After obtaining permission by European Court of the Human Rights (ECtHR)  to indirectly participate in the supranational judicial proceedings, National LGBT rights organization LGL submitted the Amicus Curiae brief in the ECtHR case Buhuceanu and Ciobotaru v. Romania, brought by 26 Romanian applicants regarding human rights violations resulting from insufficient same-sex family rights recognition.

Third Party court intervention brief, submitted together with the LGBT and their Friends Association Mozaika (Latvia); Love Does Not Exclude Association MNW (Poland), Iniciatíva Inakost (Slovakia), LGBTI Organization BILITIS (Bulgaria) and in cooperation with White & Case LLP (Brussels) , explores the similarities between legal and social environments and its practical impact on LGBT families in the remaining EU Member States with very limited to no LGBT family rights recognition.
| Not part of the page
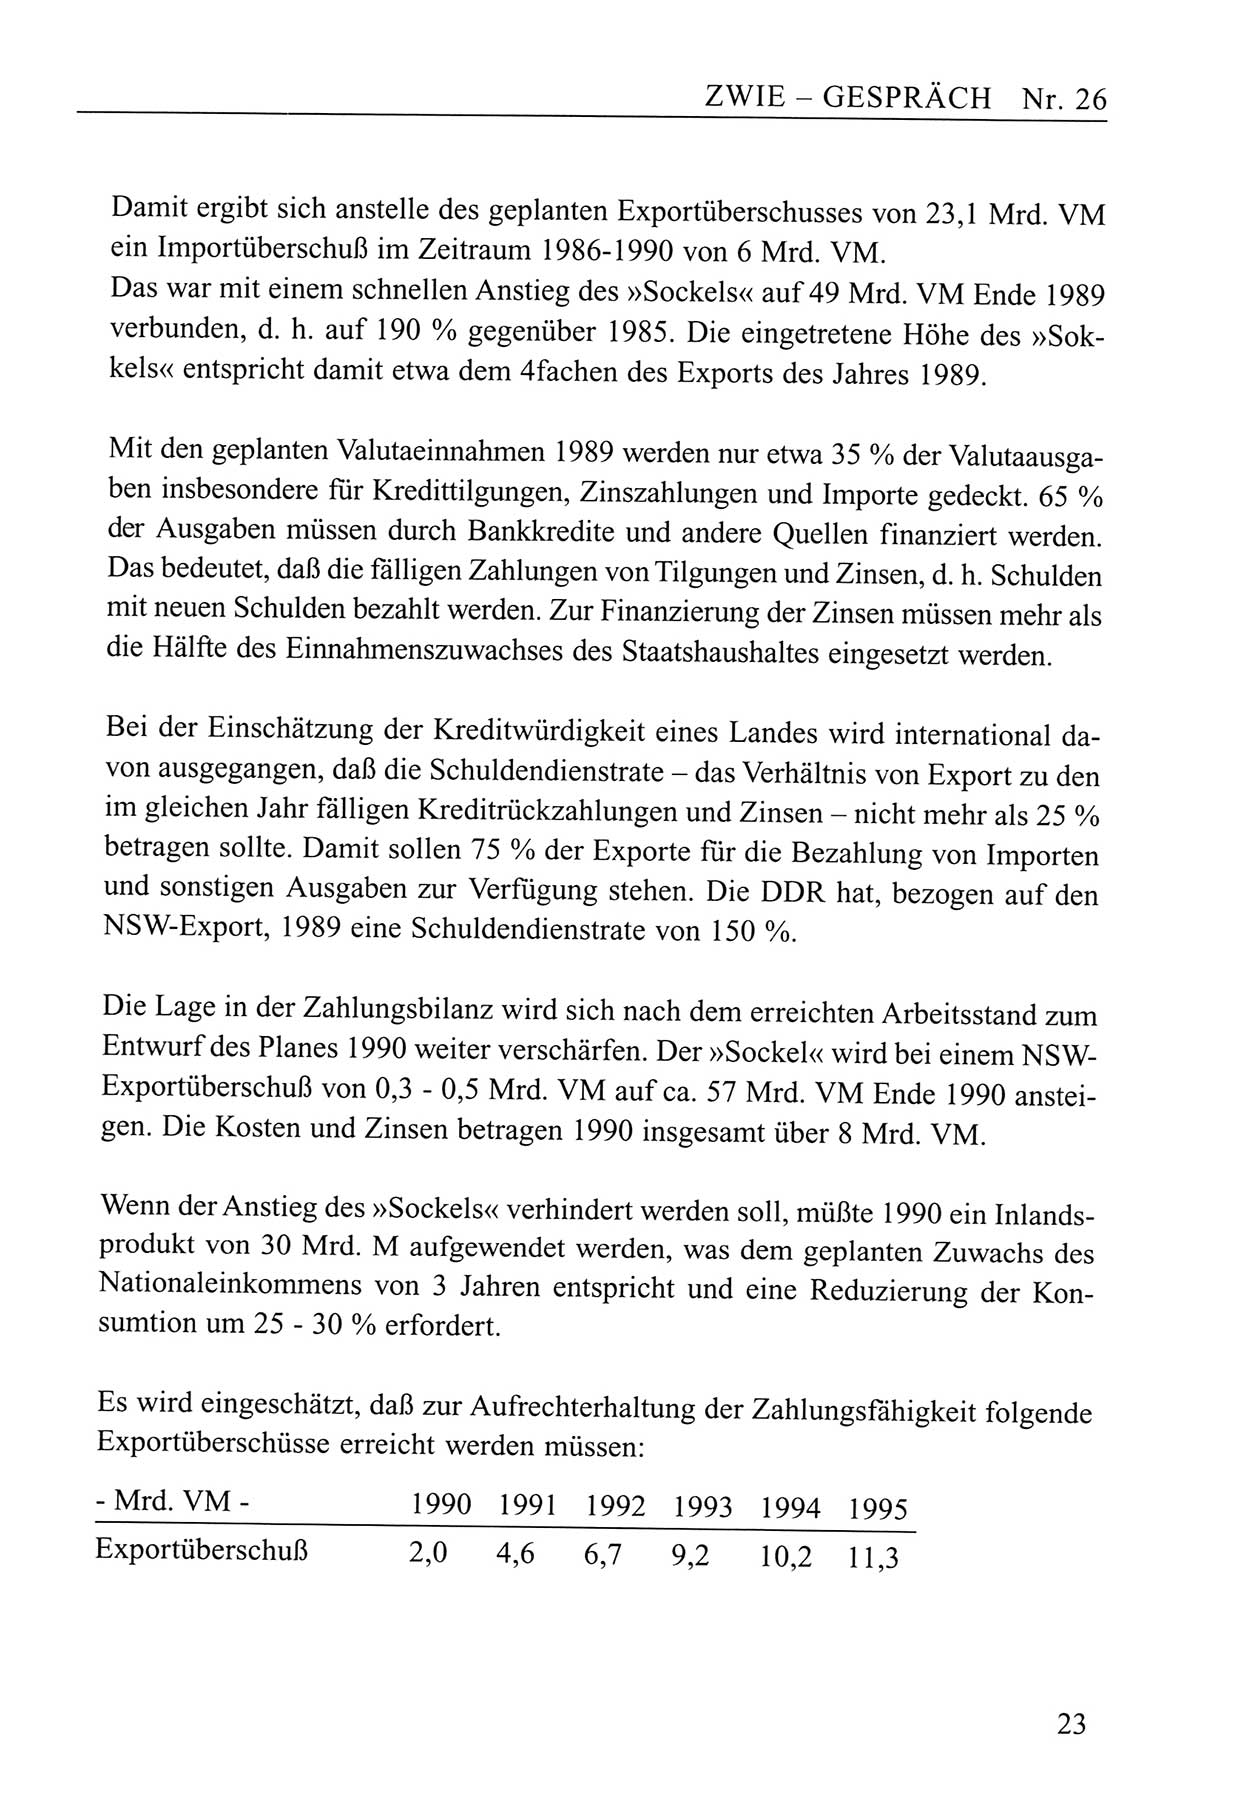 Zwie-Gespräch, Beiträge zum Umgang mit der Staatssicherheits-Vergangenheit [Deutsche Demokratische Republik (DDR)], Ausgabe Nr. 26, Berlin 1995, Seite 23 (Zwie-Gespr. Ausg. 26 1995, S. 23)

The document argued that a prominent lack of legal protection results in flagrant discrimination against a significant part of the population and breaches their fundamental rights protected under the European Convention of Human Rights.

Amicus also made a reference to Vallianatos and Others v. Greece, in which ECtHR found violation of Article 14 in conjunction with Article 8 of the European Convention of Human Rights an Fundamental Freedoms (ECHR). In this case the Court stated that the ECHR is a living instrument to be interpreted in present-day conditions while noting that  Lithuania and Greece remain the only countries under ECHR mechanism  to reserve the existing partnership institute exclusively to different-sex couples.

In case further permission will be granted by the ECtHR, LGL will proceed with submitting results of the extensive research on practical legal and social daily life challenges faced by same-sex couples in the last EU Member States with virtually no regulations concerning the status same-sex relationships.

This Court intervention brief was prepared strictly on pro bono basis in cooperation of CSO experts and legal professionals. No European Union funding was used for its preparation and/or dissemination purposes taking into account that no European Union funding should go to advocacy directly aiming to change the national legislation on a person’s status, including the definition of marriage, or to litigation targeting that legislation.